Number the vertices like this:

As in this answer I am going to explicitly construct the graph's vertices starting from a few parameters. The following parameters suffice in this case:

  • The angles $\angle1,0,3$, $\angle3,0,9$, $\angle9,0,1$. All must lie in $(0,2\pi/3]$ (otherwise the points $4,12,10$ cannot be constructed) and they must satisfy the triangle inequality.
  • Whether the points $4,12,10$ are constructed "above" ($+$) or "below" $(-)$ the $0,1,3,9$ plane (just like there are in general two solutions for a point at unit distance from two other points in the plane, so there are in general two solutions for a point at unit distance from three other points in 3D space).

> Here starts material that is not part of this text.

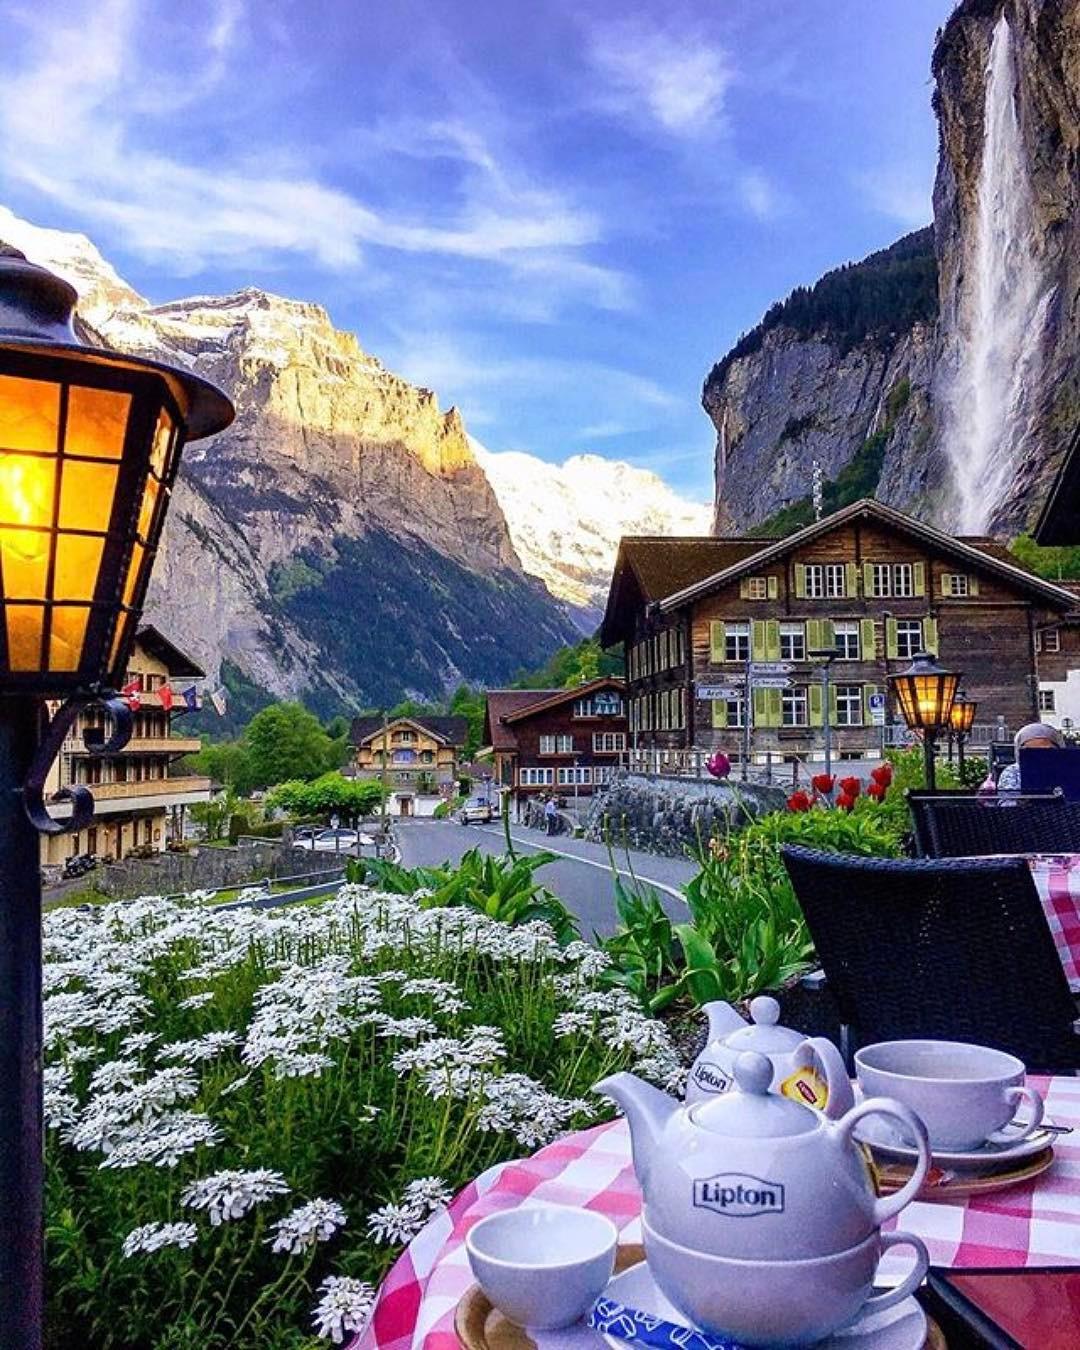 Switzerland Lauterbrunnen The Indulgence

By symmetry we can reduce the eight possibilities for the second set of parameters to four: $+++,++-,+--,---$. Without loss of generality we can also fix $0=(0,0,0)$, $1=(1,0,0)$, point $3$ in the $xy$-plane and point $9$ with positive $z$-coordinate – the parameters above then fix points $4,12,10$.

The remaining six points are uniquely determined. To see this, note that $0$ and $2$ are both adjacent to $1,3,12$; with all distances identical and the requirement that vertices not coincide it is easy to deduce that point $2$ must be the reflection of point $0$ in the $1,3,12$ plane. A similar argument applies by rotating the diagram above for the other five "outer" points.


To actually show the non-existence of a 3D unit-distance embedding for Paley-13 we sample over all possible combinations of parameters. For each sample we compute the sum of absolute deviations from $1$ of the nine remaining edges: $$\{(2, 11), (8, 5), (6, 7), (2, 6), (8, 11), (6, 5), (11, 7), (5, 2), (7, 8)\}$$ If Paley-13 had a unit-distance embedding we would expect some samples to have a deviation sum close to zero, but sampling the continuous parameters using a dense lattice yields the following minimal sums for each sign pattern: $$+++:1.2676384880260365\\ ++-:1.6056266375770387\\ +--:1.2143797215919396\\ ---:1.5513409497822102$$ All are far from zero, so we conclude that the Paley graph of order $13$ has no 3D unit-distance embedding.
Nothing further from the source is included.